RG2-hNIS
- Frozen / Standard (CL016-STAN) $ 1,500
Species: Rat
Cell type: Glial tumor
Transgene: Human sodium iodide symporter (hNIS)
Media: DMEM, 10% FBS, 1% Pen/Strep
Description: RG2-hNIS is a polyclonal population of the rat glial tumor RG2 cell line transduced with LV-hNIS (LV001) encoding the human sodium iodide symporter (hNIS) cDNA under the spleen focus-forming virus (SFFV) promoter.

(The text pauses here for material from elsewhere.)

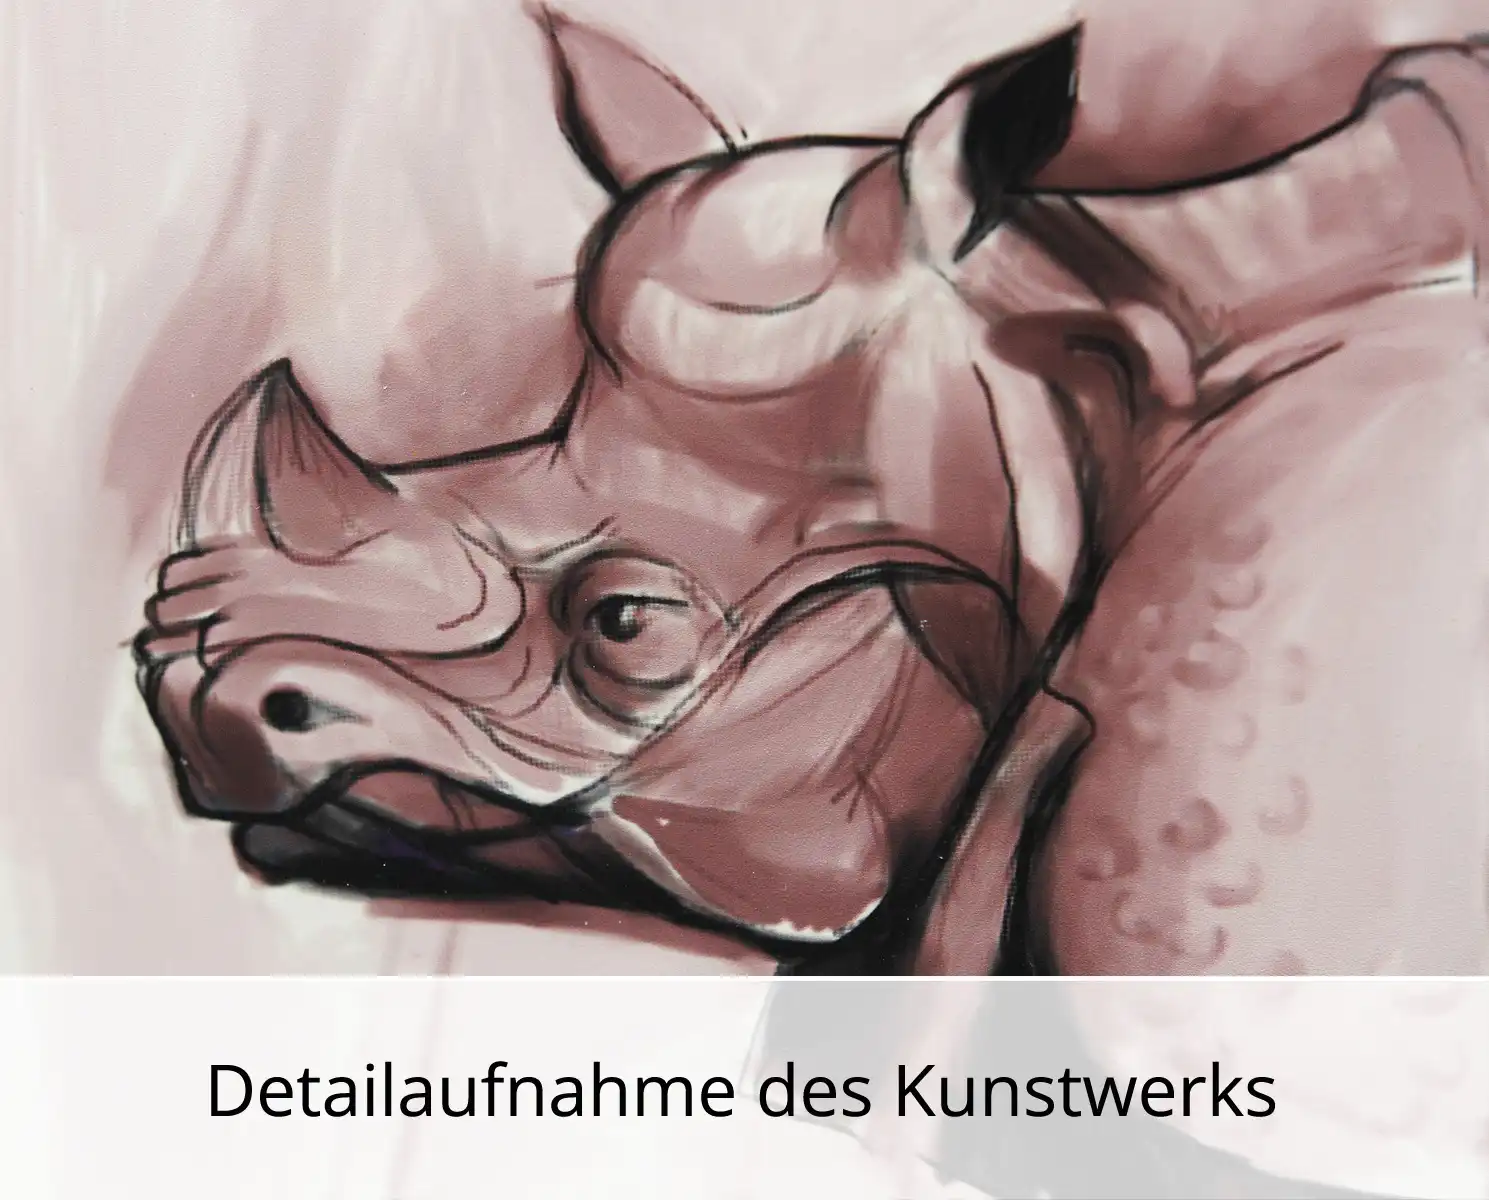 S. Petrunov: "Rhino with a nude", limitierter Fineartprint auf Papier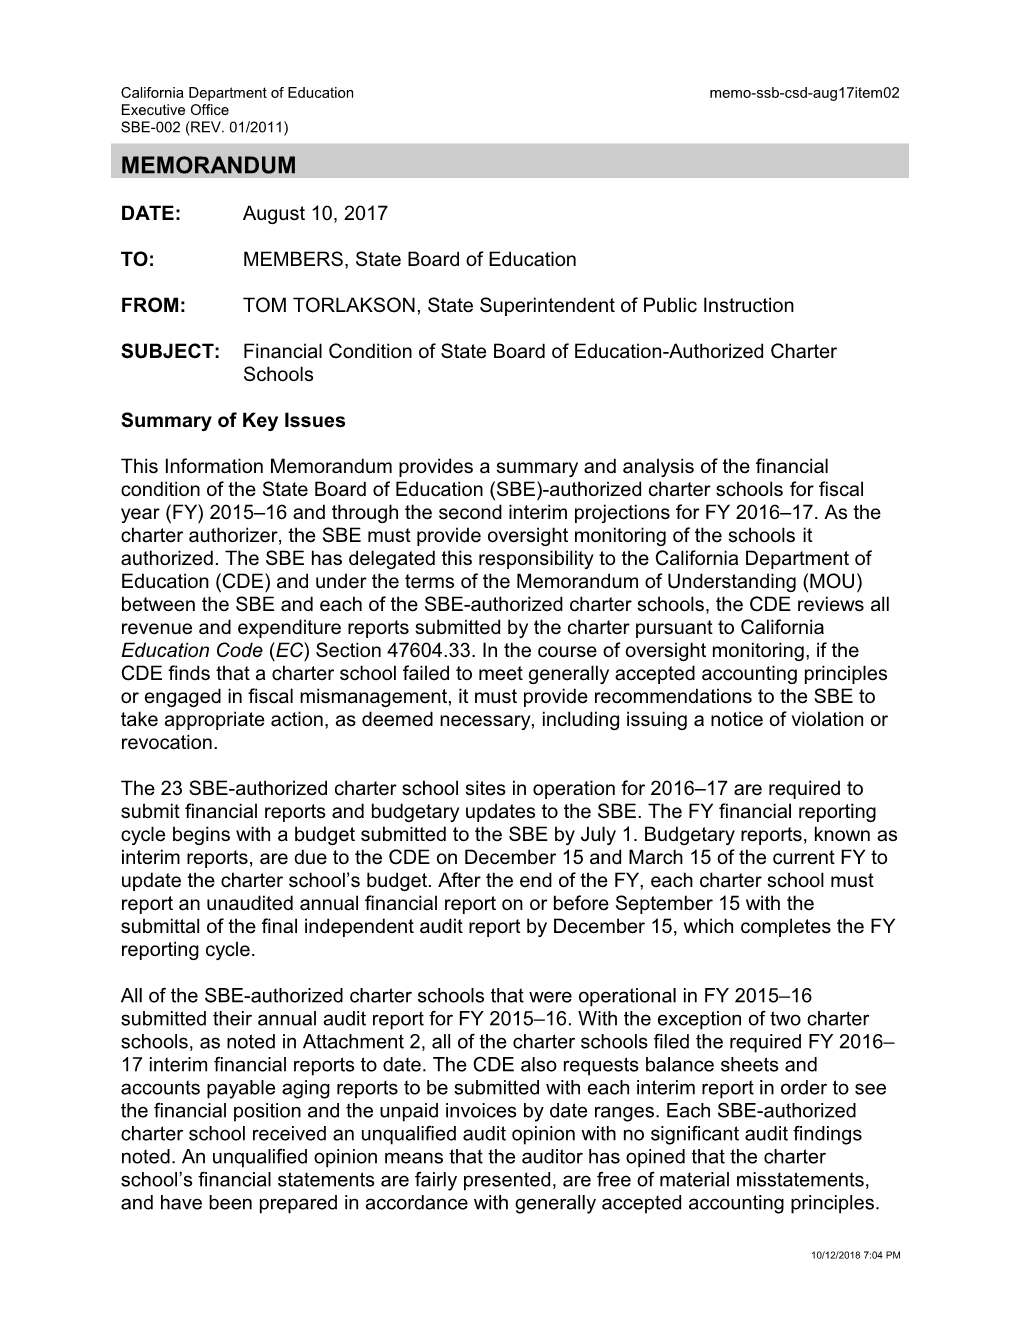 August 2017 Memo SSB CSD Item 02 - Information Memorandum (CA State Board of Education)

The lentiviral vector used is a self-inactivating (SIN) vector in which the viral enhancer and promoter has been deleted. Transcription inactivation of the LTR in the SIN provirus increases biosafety by preventing mobilization by replication competent viruses and enables regulated expression of the genes from the internal promoters without cis-acting effects of the LTR (Miyoshi et al., J Virol. 1998).
Recommended uses:
In vitro: This is a high hNIS expressing clone suitable for use as a positive control cell line in I-125 uptake assays to validate NIS expression in your lentiviral transduced cells.
In vivo: This rat glial tumor cell line grows as a glioma after intracranial injection into Fisher 344 rats. Once large it’s growth can be monitored noninvasively using high-resolution 3D SPECT or PET imaging due to disruption of the blood-brain-barrier allowing for radioiodine access to the tumor cells.
Note: disrupting the blood-brain barrier with mannitol treatment may allow for NIS imaging at early stages of tumor formation.
Morphology: Low- and high-density cell morphology (200x)

NIS Function Assay (Iodine Uptake): Cells were incubated with 125I for 1h in the presence or absence of KClO4, an inhibitor of iodine uptake. Radioiodine concentrated within the cells was measured with a gamma counter.

References on NIS imaging:
1. Fruthwirth et al. A whole body dual modality radionuclide optical strategy for preclinical imaging of metastasis and heterogeneous treatment responses in different. microenvironments. J. Nucl. Med 2014. 55(4): 686-94.
2. Penheiter et al. The sodium iodide symporter (NIS) as an imaging reporter for gene, viral and cell-based therapies. Curr Gene Ther. 2012, 12(1):33-47.